A former prime minister with a Welsh wife was selected as the centre-right's candidate for the French presidency on Sunday after he saw off his last remaining rival for his party's nomination.
Francois Fillon, a 62-year-old from Le Mans, beat Alain Juppe by winning 67% of the vote compared to his rival's 33% in Sunday's run-off.
He had garnered around 44% of the vote in the first round of the primary last week in which five other candidates, including former president Nicolas Sarkozy, were eliminated.
Mr Fillon's success now makes him, in the eyes of many pundits, the frontrunner to take the keys to the Elysee Palace next May when France chooses its next president.
President Francois Hollande, a Socialist, has been struggling in opinion polls after a term blighted by terror attacks in Paris and Nice that claimed hundreds of lives.

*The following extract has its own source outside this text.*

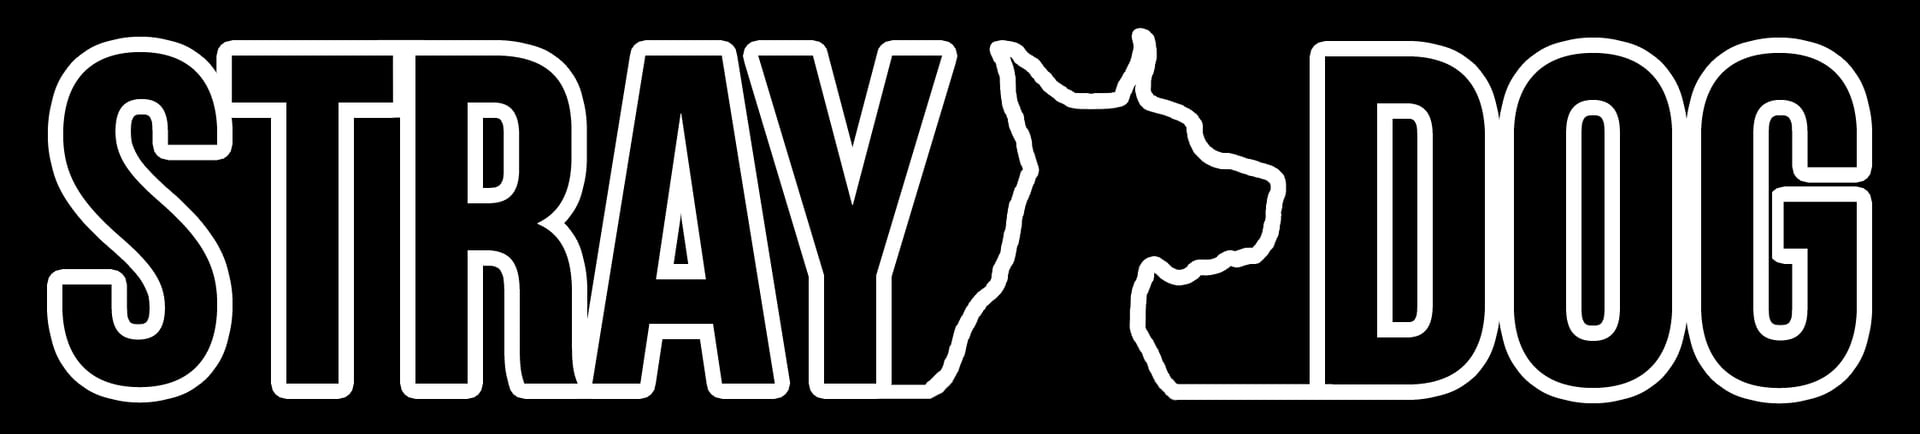 Black and tall lettering with a thick, bold white outline that spell out Stray Dog with a silhouette of a great dane in between the two words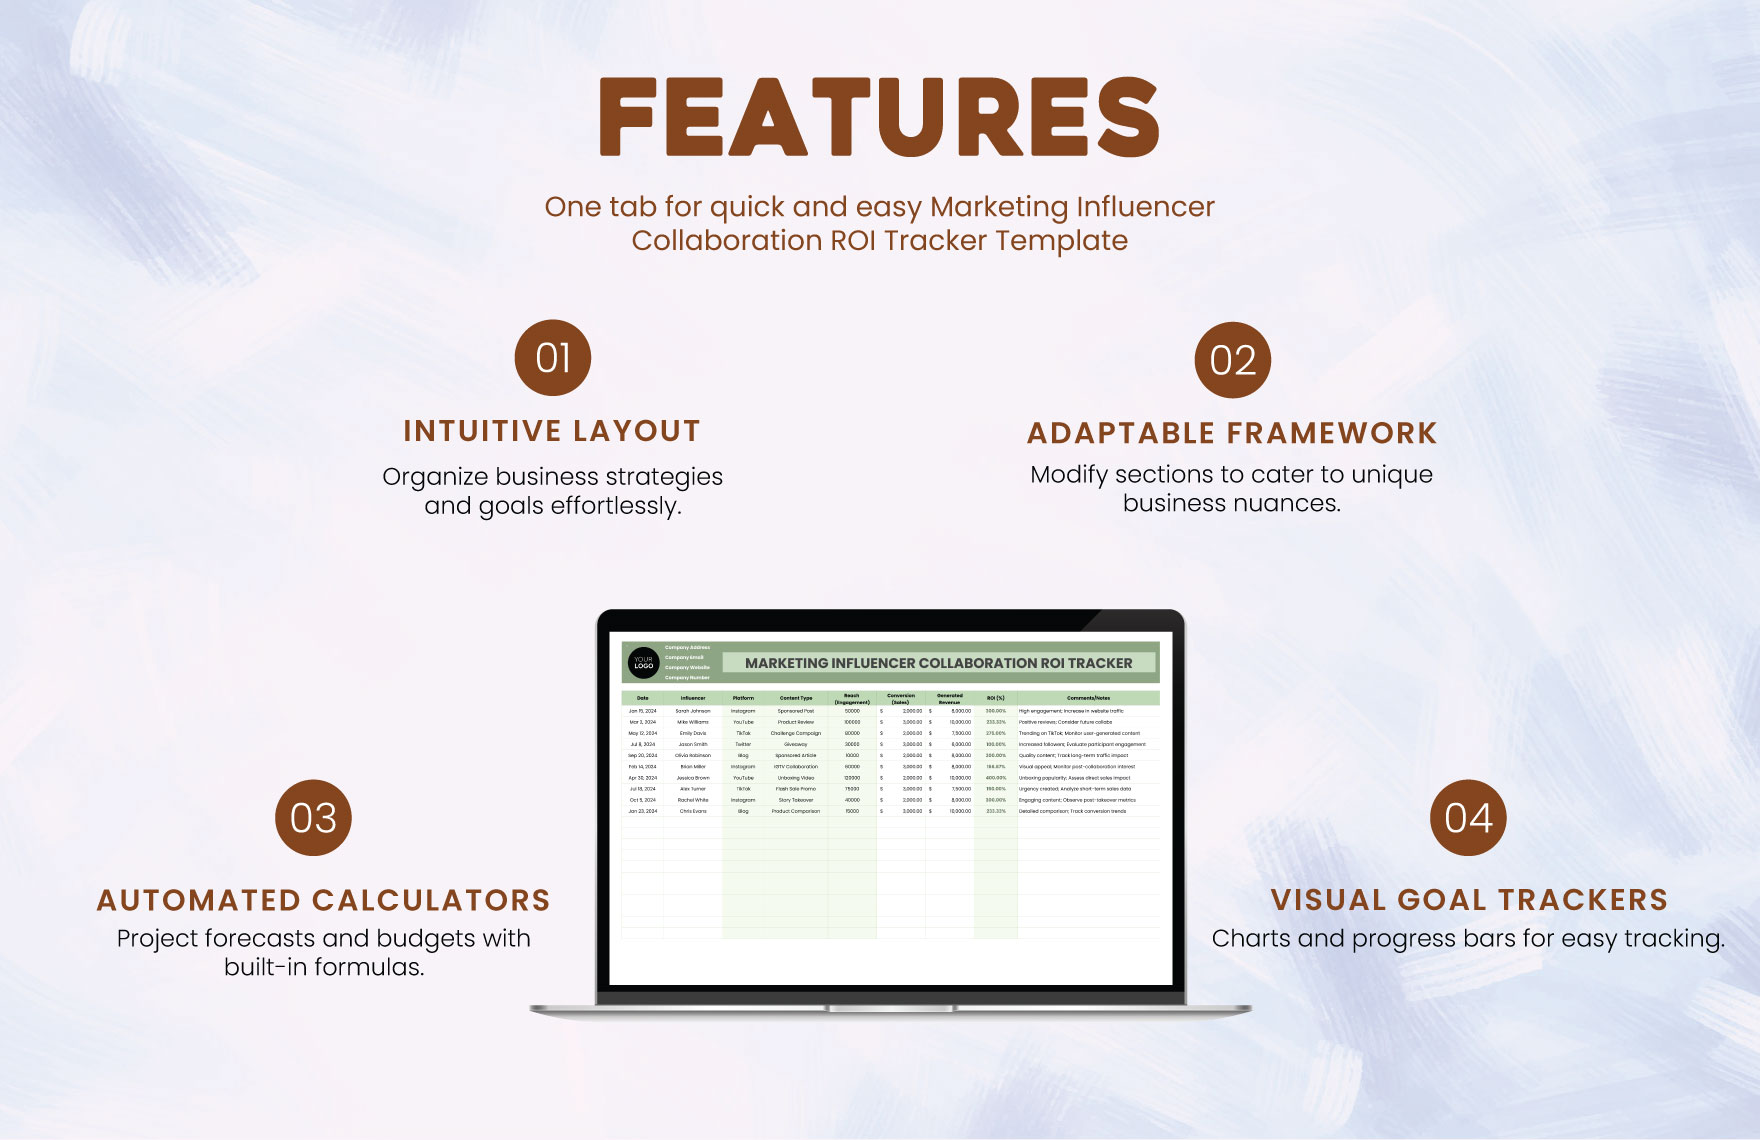 Marketing Influencer Collaboration ROI Tracker Template

Current opinion polls suggest that far-right leader Marine Le Pen would win the first-round of voting in the presidential election in April but would lose a run-off to her opponent in May.
Unless the Socialist Party can recover momentum, that would mean Mr Fillon would be her likely opponent in the second round in which he would hope to assemble a coalition of voters as well as his base in the party now known as Les Republicains to keep Ms Le Pen out of power.
Mr Fillon, a father of five children from his marriage with his Welsh wife Penny, served as prime minister under Mr Sarkozy as did Mr Juppe, now 71, when Jacques Chirac was president.
Socialist Mr Hollande's victory against the incumbent Mr Sarkozy in 2012 ended 17 years of power for the centre-right but the terror attacks have seen a surge in support for Ms Le Pen's Front National which has campaigned on a platform of security and against immigration.
Mr Fillon, whose wife is from Abergavenny and met her husband during a year abroad working as a teacher in a school in Le Mans, emphasised family values and said France needed economic reform during his successful pitch for his party's candidacy.
Mr Juppe had plotted a more cautious course more likely to appeal to centrist or leftist voters if, as current polls indicate, the Socialists fail to make next May's second round.
Mr Fillon goes forward as his party's candidate for next year's first-round of presidential polling on April 23 when the field of candidates across the political spectrum will be whittled down to two for the decider on May 7.